# Components:
→ Wet Ingredients
01 - 1 cup mashed roasted sweet potato (about 1 large potato)
02 - 1/2 cup pure maple syrup
03 - 1/3 cup vegetable oil or melted butter
04 - 2 large eggs
05 - 1 teaspoon pure vanilla extract
→ Dry Ingredients
06 - 1 1/2 cups all-purpose flour
07 - 1 teaspoon baking powder
08 - 1/2 teaspoon baking soda
09 - 1/2 teaspoon ground cinnamon
10 - 1/4 teaspoon ground nutmeg
11 - 1/2 teaspoon fine sea salt
→ Add-Ins & Topping
12 - 3/4 cup chopped pecans, divided
13 - 1/4 cup light brown sugar, for sprinkling (optional)
# Directions:
01 - Preheat the oven to 375°F. Line a large baking sheet with parchment paper.
02 - In a large mixing bowl, whisk together the mashed sweet potato, pure maple syrup, vegetable oil or melted butter, eggs, and vanilla extract until smooth and fully incorporated.

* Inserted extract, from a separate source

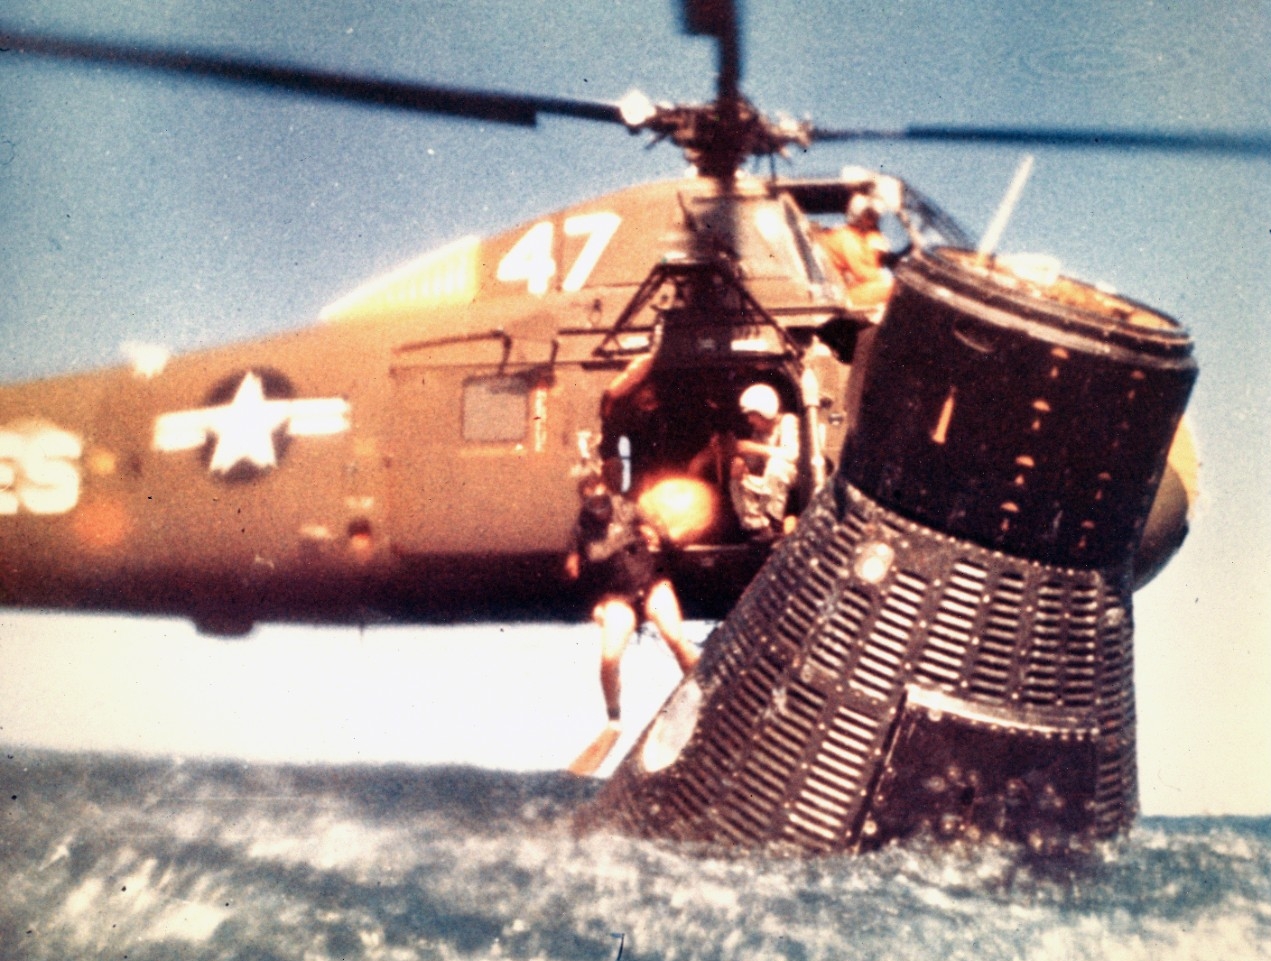 A Navy swimmer dives into the water from Seabat No 47 to work with Cooper within Faith 7 following his splashdown in the Pacific, 16 May 1963. (Naval History and Heritage Command Photograph UA 343.01.02)

03 - In a medium mixing bowl, whisk together the all-purpose flour, baking powder, baking soda, ground cinnamon, ground nutmeg, and fine sea salt.
04 - Add the dry mixture to the bowl of wet ingredients, stirring gently until just combined. Avoid overmixing to maintain tenderness.
05 - Fold in 1/2 cup of the chopped pecans, reserving the remainder for topping.
06 - Using a large cookie scoop or a 1/4-cup measuring cup, place mounds of dough onto the prepared baking sheet, leaving a 2-inch gap between each. Flatten the tops lightly with damp fingers.
07 - Sprinkle the reserved pecans over each, along with light brown sugar if desired.
08 - Bake for 16 to 18 minutes, or until golden and set. A toothpick inserted into the center should come out clean.
09 - Let cool on the baking sheet for 5 minutes before transferring the muffin tops to a wire rack to cool completely.